On the
topmost level, CROVALLEX 2.008 is divided into word entries. Each word entry
relates to one or more headword lemmas (Sec. 2) . The word entry
consists of a sequence of frame entries (Sec. 5) relevant for the
lemma(s) in question (where each frame entry usually corresponds to one of the
lemma's meanings). Information about the aspect (Sec. 14) of the lemma(s) is
assigned to each word entry as a whole.
Most of
the word entries correspond to lemmas in a simple one-to-one manner, but the
following two non-trivial situations appear as well in CROVALLEX 2.008:
The
content of a word entry roughly corresponds to the traditional term of lexeme.
Verb
lemma represents the infinitive form of the verb, which is in case of lexical
homonyms (Sec. 3) and
homographs (Sec. 4) followed
by a Roman number in superscript.
Reflexive
particle se is part of the infinitive only if the verb is derived
reflexive (e.g. vratiti se) or reflexiva tantum (e.g. penjati se).
Lexical
homonyms are groups of two lemmas which have the same spelling and wordform,
but considerably differ in their meanings (there is no obvious semantic
relation between them). They also might differ as to their etymology (e.g. hȉtatiI - žuriti vs. hȉtatiII - bacati), aspect
(Sec. 14)
(e.g. matíratiI inf. - činiti da što ne dobije neželjen
sjaj vs. matíratiII fin.-poraziti), or conjugated forms (izvezem [first person
sg.] for izvestiI - okititi vezom vs. izvesti [first person sg.]

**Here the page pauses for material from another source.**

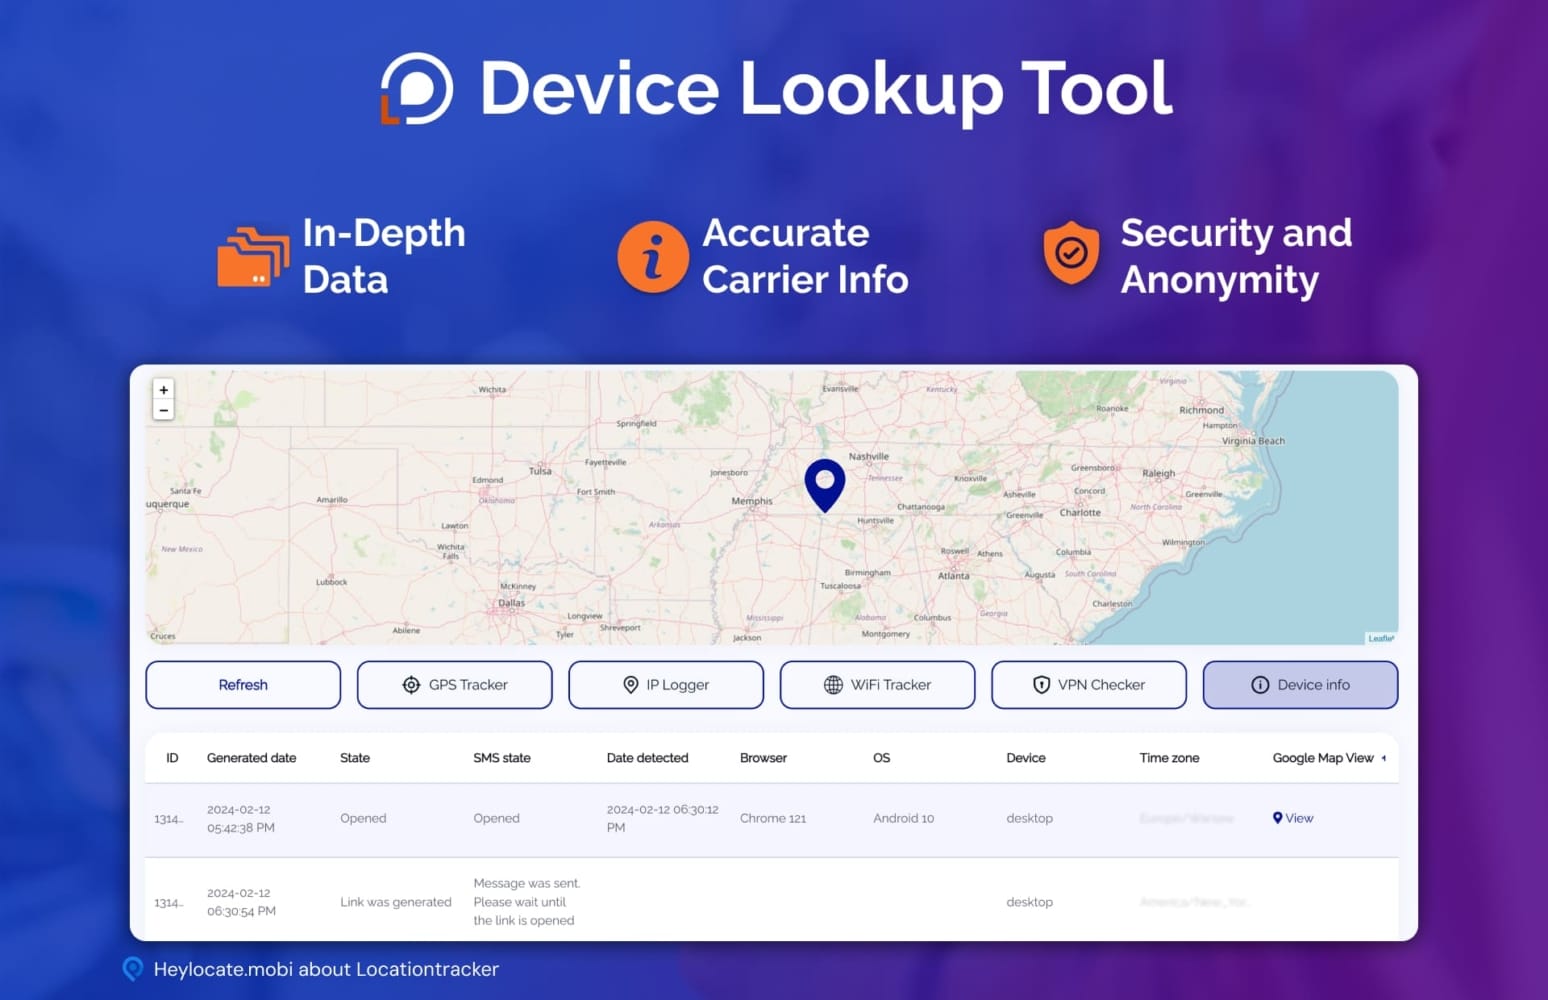 A visual of the "Device Lookup Tool" interface featuring a map with a location marker. The tracking list includes ID numbers, generated dates, states, SMS states, and detected information like browser type, operating system, and device, and view on Google map.

for izvestiII - izvoziti).
The term
'lexical homonyms' should not be confused with the term 'synonymy'.
Homographs
are groups of two lemmas which have the same wordform, but different accent,
and also considerably differ in their meanings (there is no obvious semantic
relation between them). They also might differ as to their etymology (e.g. ìskapatiI - isteći kapljući
vs. iskápatiII - iskopavati),
aspect (Sec. 14)
(e.g. ìsplakatiI fin.-suzama, plačem izraziti vs. isplákatiII inf.-ispirati),
or conjugated forms (napadnem [first person sg.] for nàpastiI - ugroziti
tjelesnu sigurnost vs. napasem [first person sg.] for nàpāstiII - pasući
nahraniti).
The term
'homographs' should also not be confused with the term 'synonymy'.
Each word
entry (Sec. 1)
consists of a non-empty sequence of frame entries, typically corresponding to
the individual meanings (senses) of the headword lemma(s) (from this point of
view, CROVALLEX 2.008 can be classified as a Sense Enumerated Lexicon).
The frame
entries are numbered within each word entry; in the CROVALLEX 2.008 notation,
the frame numbers are attached to the lemmas as subscripts.
The
ordering of frames is not completely random, but it is not perfectly systematic
either. So far it is based only on the following weak intuition: primary and/or
the most frequent meanings should go first, whereas rare and/or idiomatic
meanings should go last. (We do not guarantee that the ordering of meanings in
this version of CROVALLEX 2.008 exactly matches their frequency of the
occurrences in contemporary language.)
Each
frame entry contains a description of the valence frame itself (Sec. 6)
and of the frame attributes (Sec. 12) .
The content
of 'frame entry' roughly corresponds to the term of lexical unit.
In
CROVALLEX 2.008, a valence frame is modeled as a sequence of frame slots. Each
frame slot corresponds to one (either required or specifically permitted)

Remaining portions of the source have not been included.